2013 überstieg die Zahl der Studienanfänger erstmals die Zahl der Auszubildenden. Bildungsforscher fordern die Politik auf, die international so hoch gelobte Duale Ausbildung in Unternehmen und Berufsschulen nicht zu vernachlässigen.

Berlin - Bildungsforscher warnen davor, die international hoch gelobte Duale Ausbildung in Deutschland zu vernachlässigen. Aus dem nationalen Bildungsbericht geht hervor, dass 2013 die Zahl der Studienanfänger erstmals die Zahl der Auszubildenden überstieg. Zwar sei der Wandel noch nicht dramatisch, zumal eine höhere Hochschulquote erwünscht war. Langfristig müsse man aber die Frage beantworten, wie man das Verhältnis von Studierenden und Auszubildenden gestalten wolle, sagte der Sprecher der Autorengruppe, Marcus Hasselhorn. Er regte angesichts der hohen Quoten von Studienabbrechern an, dass „universitär erreichte Zertifikate anrechenbar sind im Dualen System“.

 

Bundesbildungsministerin Johanna Wanka (CDU) räumte ein: „Wir haben ein Problem, wenn die Entwicklung weiter gehen würde“. Es müssten weiterhin auch Leistungsstarke für die berufliche Ausbildung gewonnen werden. Dafür müsse die Durchlässigkeit zwischen Ausbildung und Studium weiter verbessert werden, damit die Wahl des einen Bildungswegs nicht den Zugang zum anderen verschließt. Wer eine Ausbildung erfolgreich bestreite, müsse zum Beispiel leichter im Anschluss studieren können, so Wanka.

Noch immer haben Migranten schlechtere Bildungschancen

Die Forscher sehen das Bildungssystem insgesamt „zwischen Bewegung und Stillstand“. Immer mehr Menschen profitierten von Bildungsangeboten. Mehr Kleinkinder werden mit frühkindlicher Bildung gefördert, die Zahl der Abiturienten, Studienanfänger und Hochschulabsolventen nimmt zu. Auch die Institutionen der beruflichen Weiterbildung melden steigende Zahlen. Aber fast wie in Stein gemeißelt sind die geringeren Chancen jener, die in einem schwierigen sozialen Umfeld aufwachsen. Vor allem Menschen mit Migrationshintergrund finden weiterhin nur schwer Anschluss. Das ist aus Sicht der Forscher besonders Besorgnis erregend, weil der Anteil der Kinder ausländischer Abstammung in den jüngeren Altersgruppen weiter ansteige. Bei den unter Sechsjährigen hat bereits gut ein Drittel einen Migrationshintergrund.

Bei der Eingliederung von Menschen mit Behinderung ins Bildungssystem fordern die Forscher, behutsam vorzugehen.

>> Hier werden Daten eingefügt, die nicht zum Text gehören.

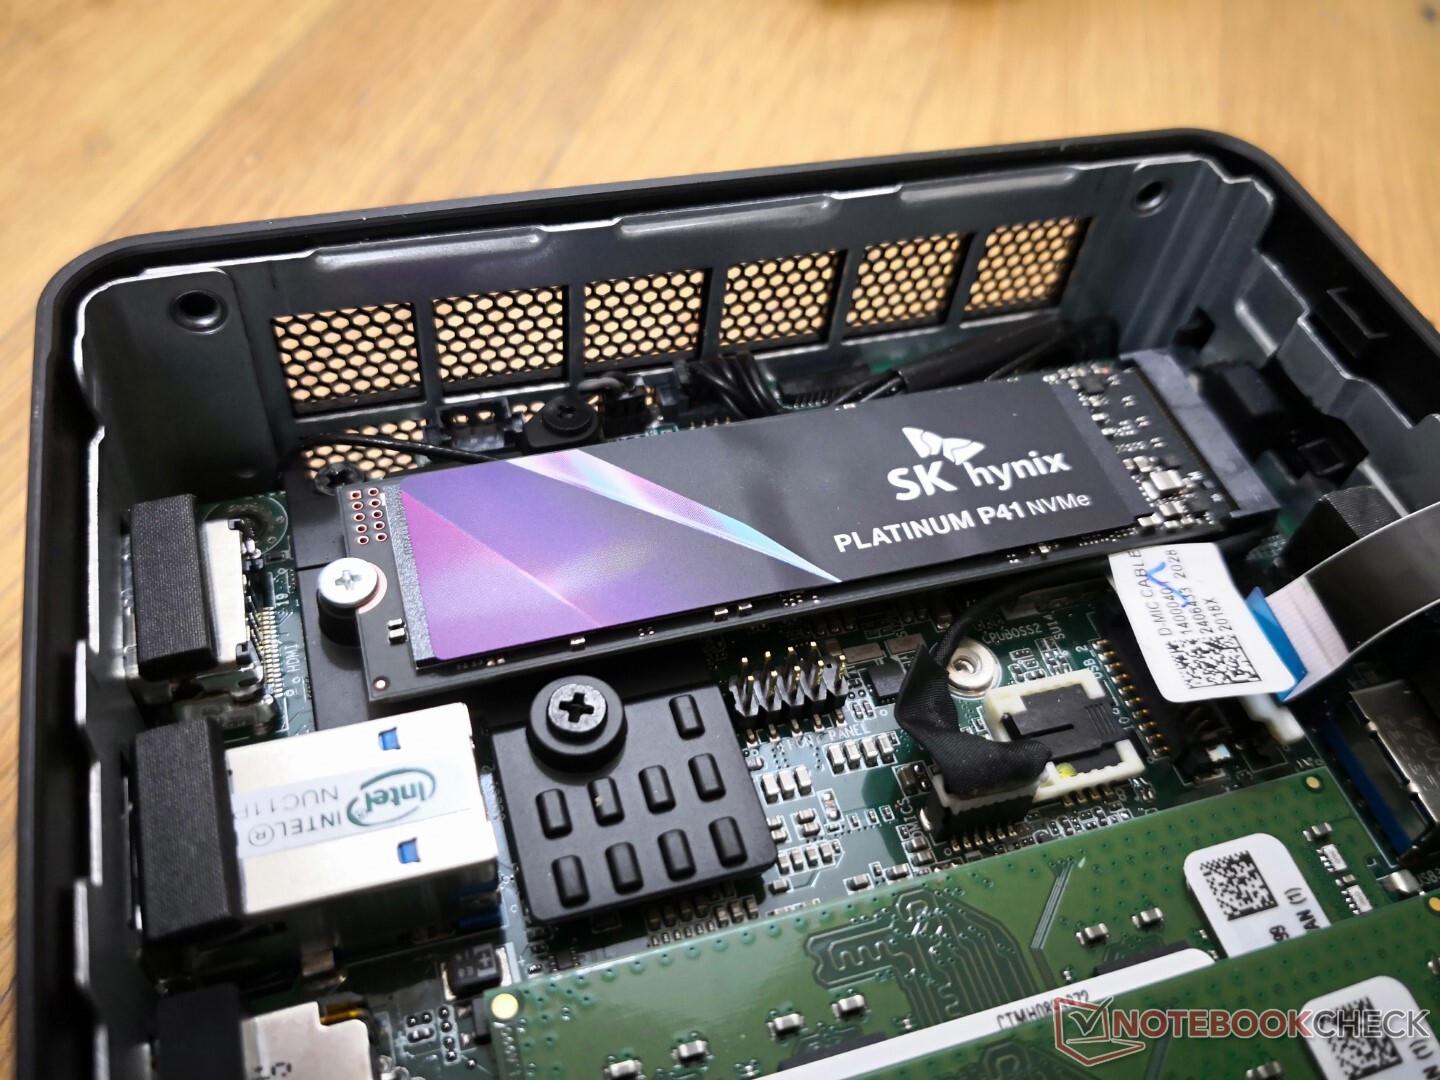 Sk hynix Platinum P41 2 TB PCIe4 x4 NVMe SSD benchmarked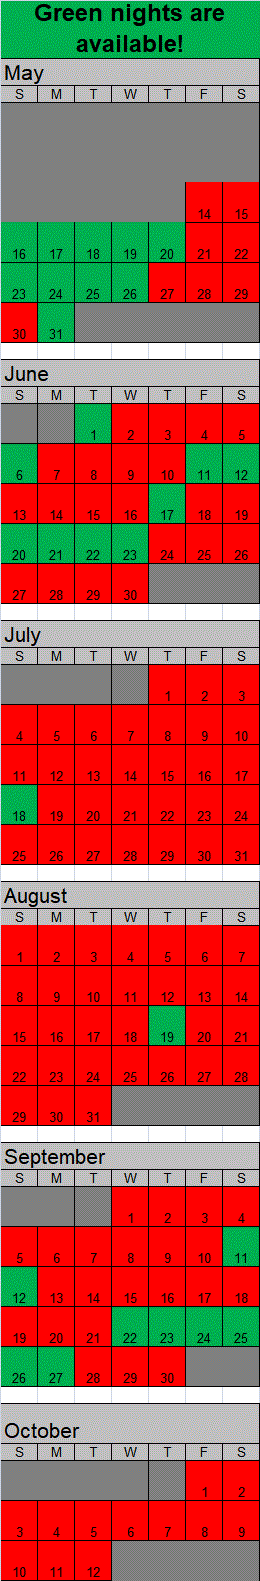 Lakeview Site 4 2015 Calendar

Zunächst müssten strukturelle Probleme gelöst werden. So scheitere eine umfassende Inklusionsstrategie momentan allein schon daran, dass für die Definition, welche Menschen förderbedürftig sind, in Kita, Schule, Ausbildung und Universität verschiedene Maßstäbe gelten. Außerdem fehle ausreichend qualifiziertes Personal. Die viel gescholtenen Sonder- und Förderschulen komplett abzuschaffen halten die Forscher für eine schlechte Idee. Hasselhorn schätzt, dass etwa zwei Prozent der Schüler auch am Ende eines Inklusionsprozesses auf Sonderschulplätze angewiesen sein werden. Der Bericht besagt, dass bei rund 493 000 Schülern in Deutschland sonderpädagogischer Förderbedarf festgestellt wurde. Das sind 6,6 Prozent aller Schüler.